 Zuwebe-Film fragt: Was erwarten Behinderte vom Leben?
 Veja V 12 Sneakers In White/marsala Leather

===============

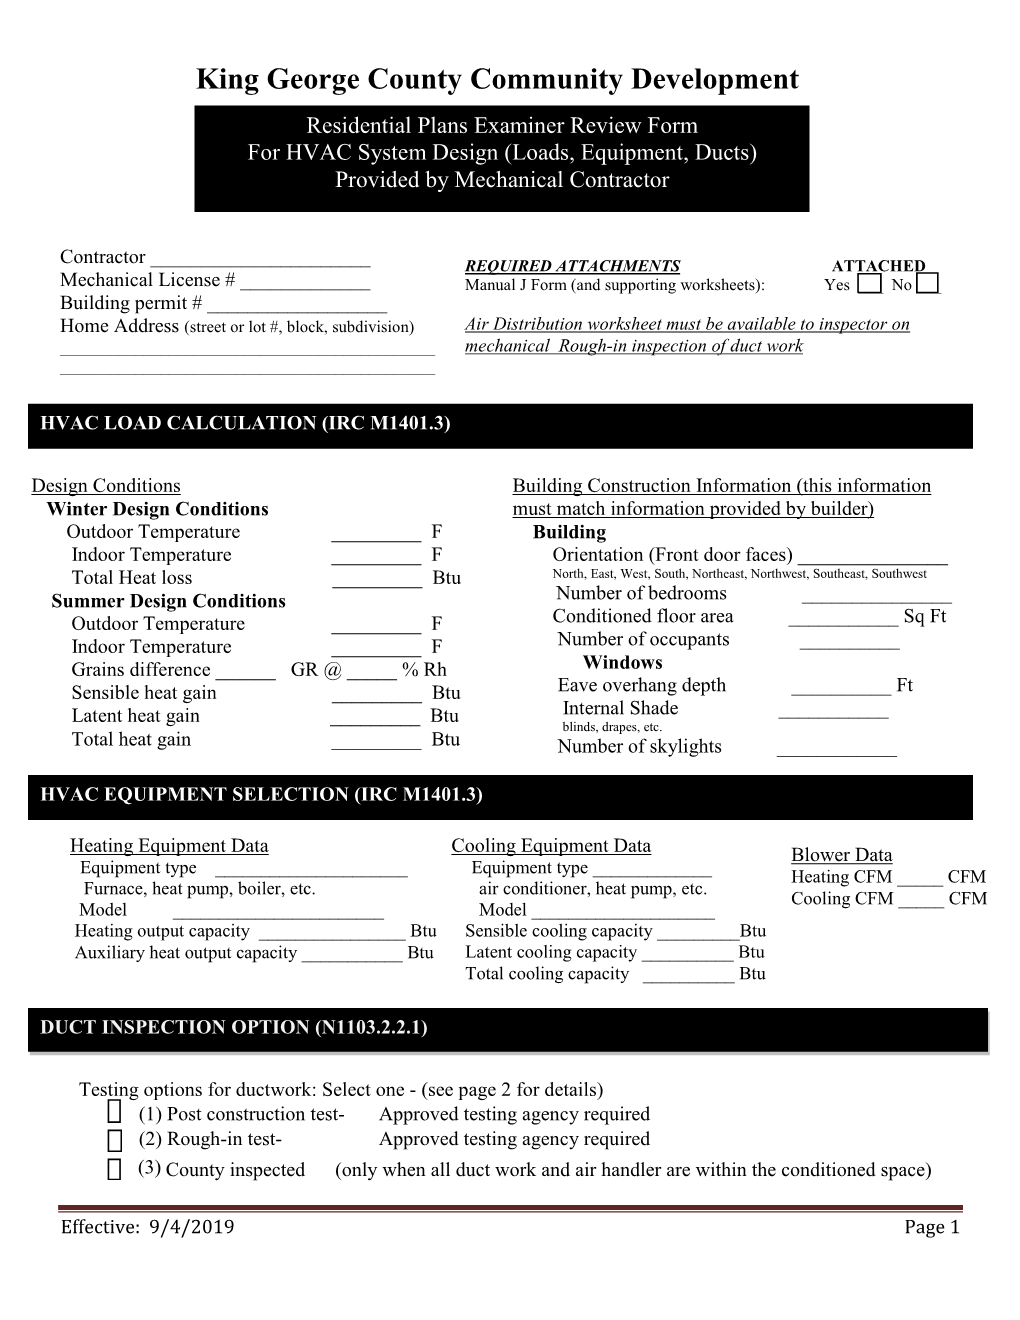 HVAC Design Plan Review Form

===============

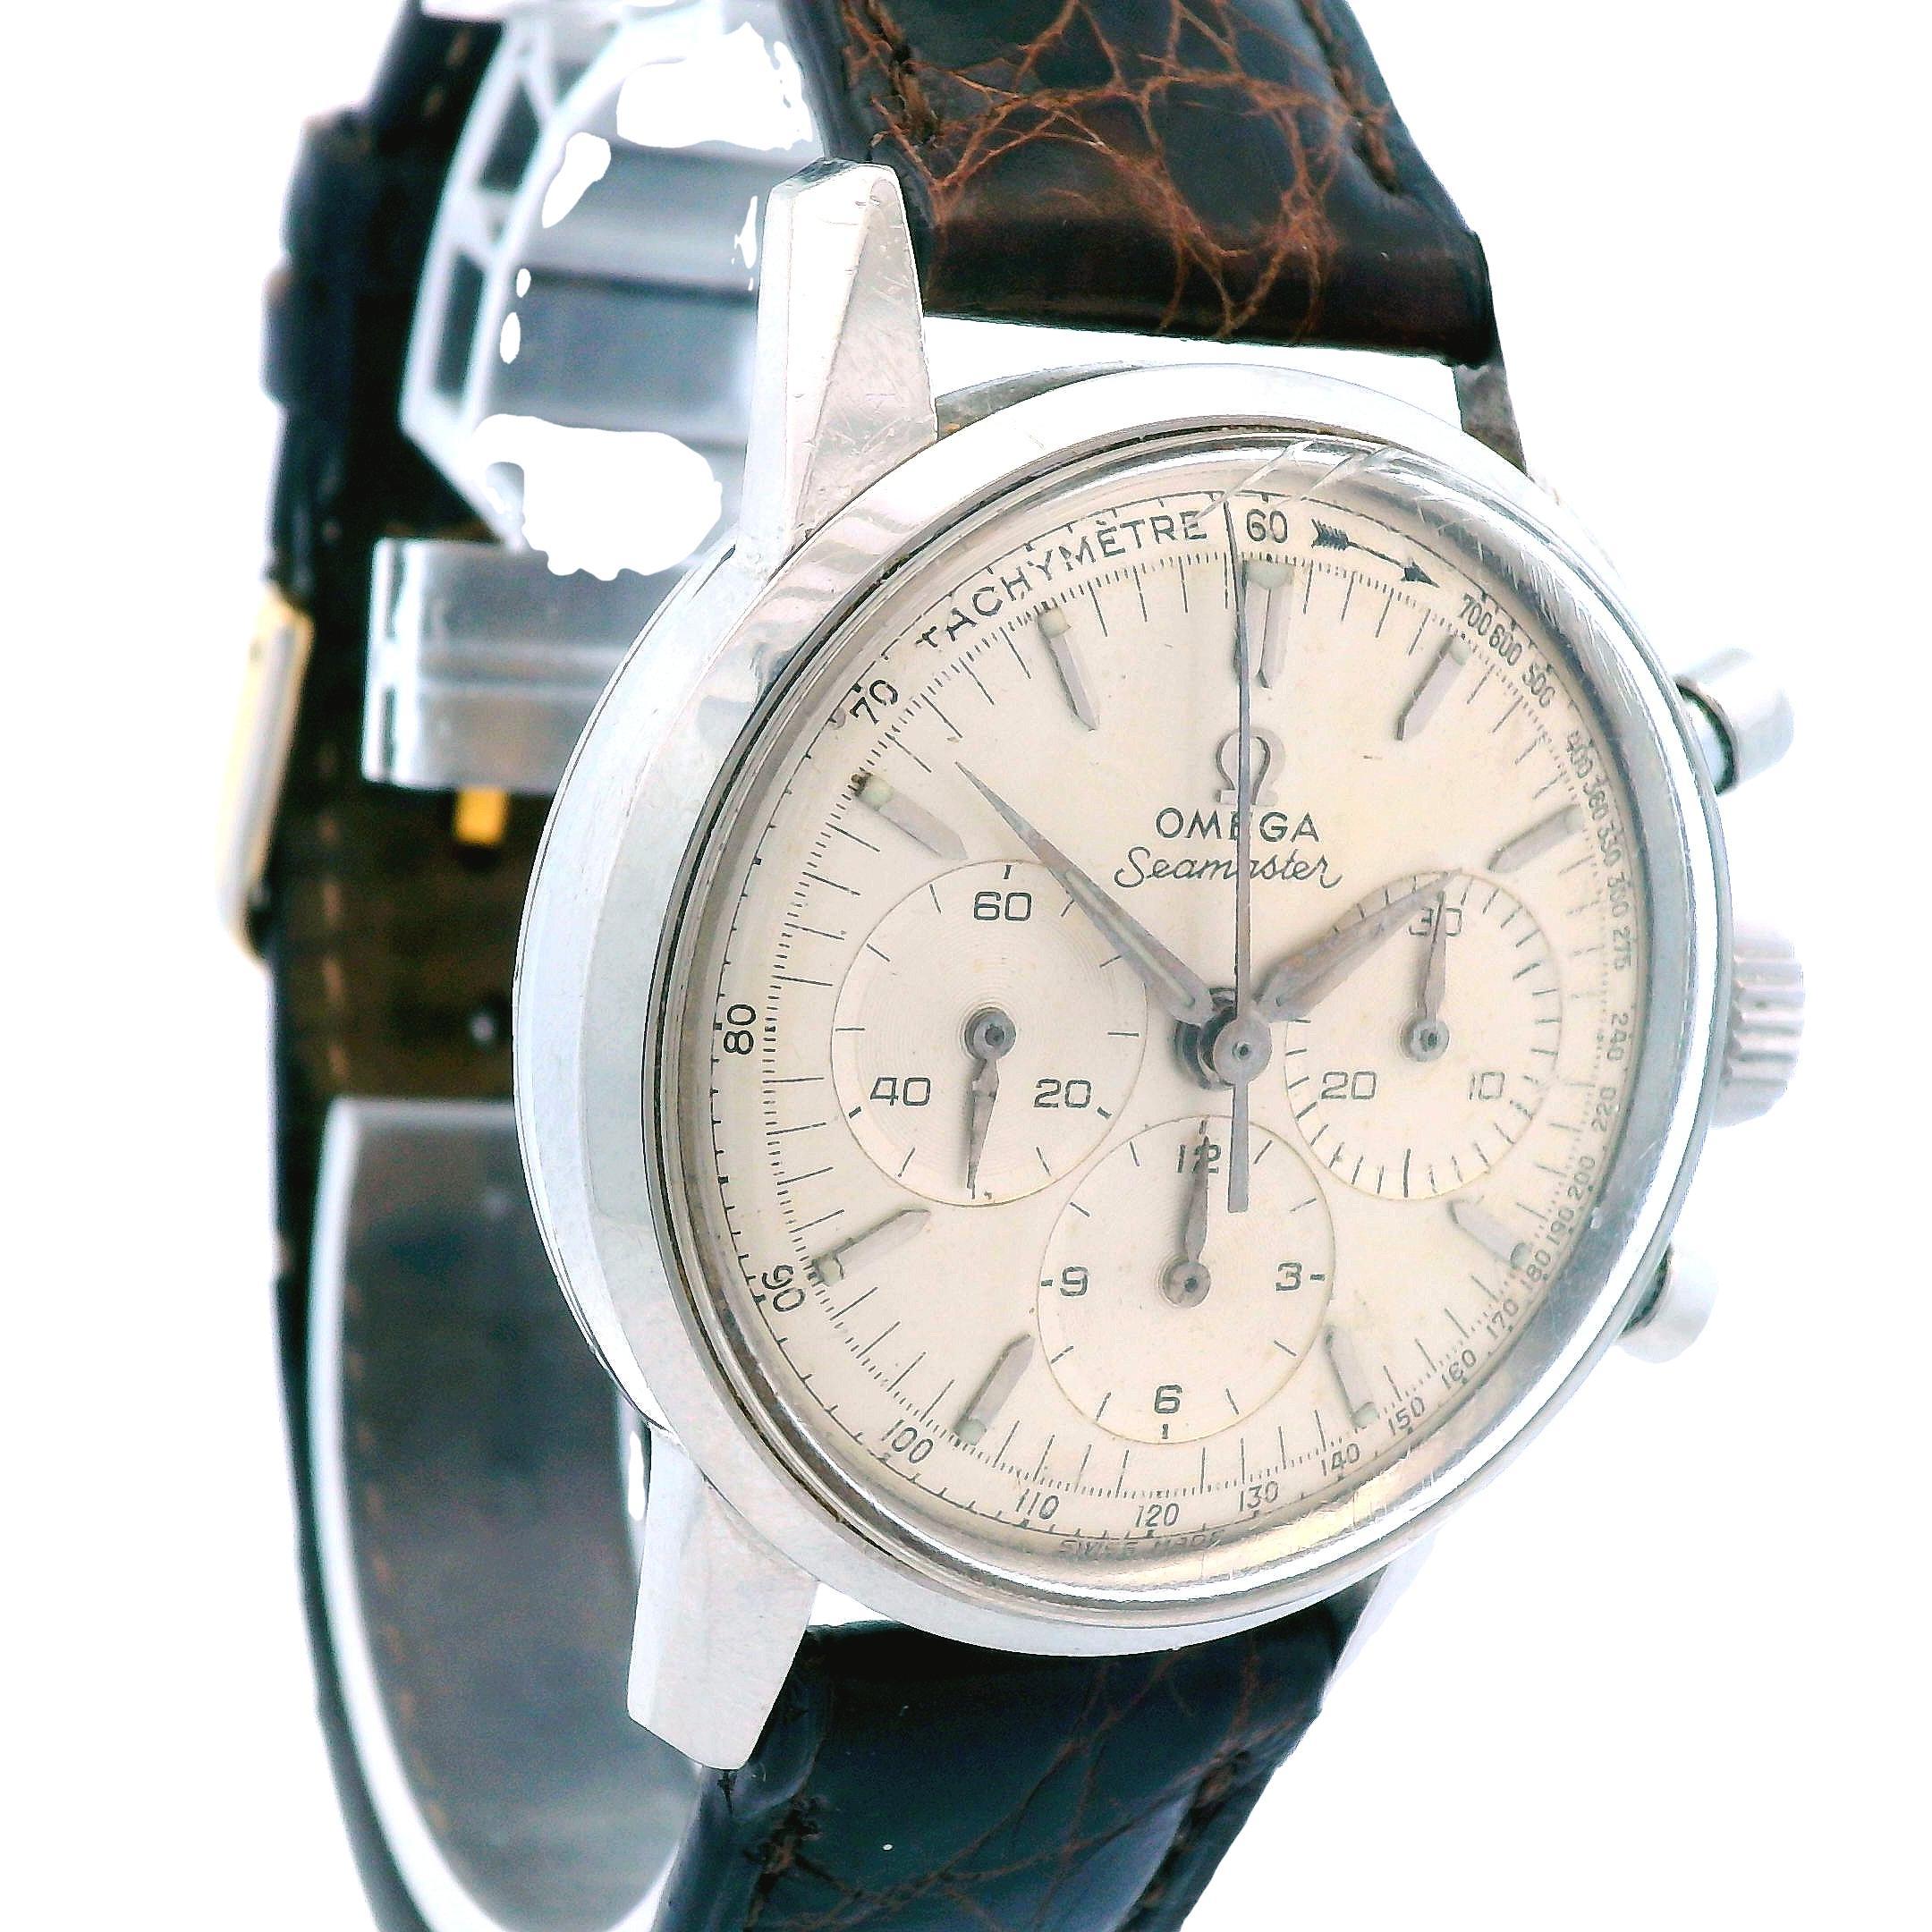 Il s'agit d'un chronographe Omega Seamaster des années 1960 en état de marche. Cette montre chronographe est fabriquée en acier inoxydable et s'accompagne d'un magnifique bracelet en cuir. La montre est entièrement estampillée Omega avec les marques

===============

__Task statement__: All lines above from the one containing "Zuwebe-Film fragt: Was" to the one containing "Veja V 12 Sneakers In White/marsala Leather" must be repeated exactly, both lines included, and no others.

__Solved problem__:
 Zuwebe-Film fragt: Was erwarten Behinderte vom Leben?
 Veja V 12 Sneakers In White/marsala Leather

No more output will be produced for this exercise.